To test you can copy it to one of the template directories such as : ~/Library/Application Support/Developer/Shared/Xcode/Project Templates/Application/MacRuby Application With Testing
Differences:
- Embed MacRuby target is included by default to easy deployment for first time users - Tests directory has been added for tests - test_stub.rb has been added with a starting test::unit case - Unit Tests target has been added to run the tests - test_suite.rb has been added to load up all tests from the Tests directory. This can easily be made recursive using Dir.glob.
I've left out the framework/obj-c testing stuff because it is difficult to get it working in cases where there is no objective-c; building the framework requires at least one class. A better way to handle that would be to write up a blog post on how to do this; mainly:
1.) Create a new Cocoa -> Framework target 2.) add the new framework to your unit test and .app targets so that it gets built when either target is run 3.) add a copy files step, targeting frameworks, to your .app target 4.) add the new framework(drag from the products folder) to both the link and copy steps of your .app target to include it with your .app file 5.) add "framework 'newframeworkname'" to your rb_main.rb file 6.) add "framework 'build/Debug/newframeworkname.framework' to your test_suite.rb file
After following these steps you can test any Obj-c classes added to the framework from Ruby, as well as any Ruby classes that depend on these custom classes.
- Dylan
On Thu, Oct 1, 2009 at 6:31 PM, Matt Aimonetti <mattaimonetti@gmail.com
wrote: Hi Dylan,
Why don't you you post your template so people can look at it and give their feedback? People like Eloy would probably give their feedback ;)
- Matt
On Thu, Oct 1, 2009 at 4:26 PM, Dylan Bruzenak <dylan@ideaswarm.com> wrote: So, I've been mucking about with MacRuby lately. It's been fun so far. Thanks to all the devs for this great project.
I'm a pretty firm believer in unit testing my Ruby code. I love how Ruby on Rails and similar frameworks nudge you in the right direction by baking in an existing testing infrastructure.

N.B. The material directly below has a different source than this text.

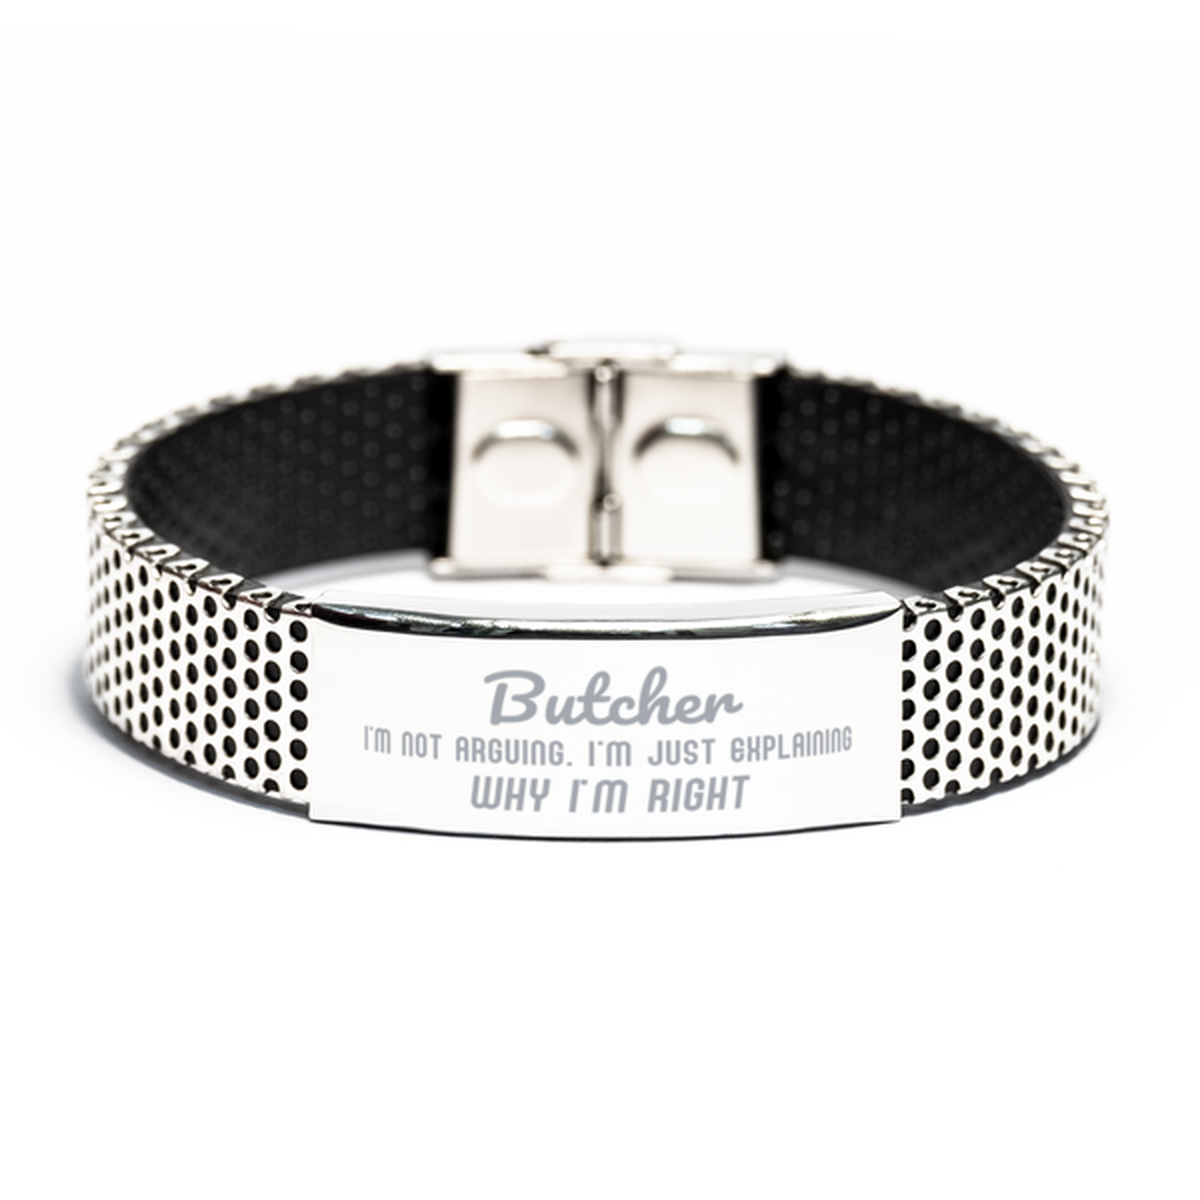 Butcher I'm not Arguing. I'm Just Explaining Why I'm RIGHT Stainless Steel Bracelet, Funny Saying Quote Butcher Gifts For Butcher Graduation Birthday Christmas Gifts for Men Women Coworker

I've got testing pretty much figured out and was wondering if the team would be open to modifying the basic Xcode project template to add unit testing, with a stub test and test_suite file to get started. This would also involve creating a framework for any objective-c code that the user writes so that it can be included in both the .app and the test files.
In addition it might be useful to include the 'embed mac ruby' and possibly a macrubyc target as well by default. These can always be removed if a user doesn't want them.
I can supply preliminary patches if this seems like a good route to go.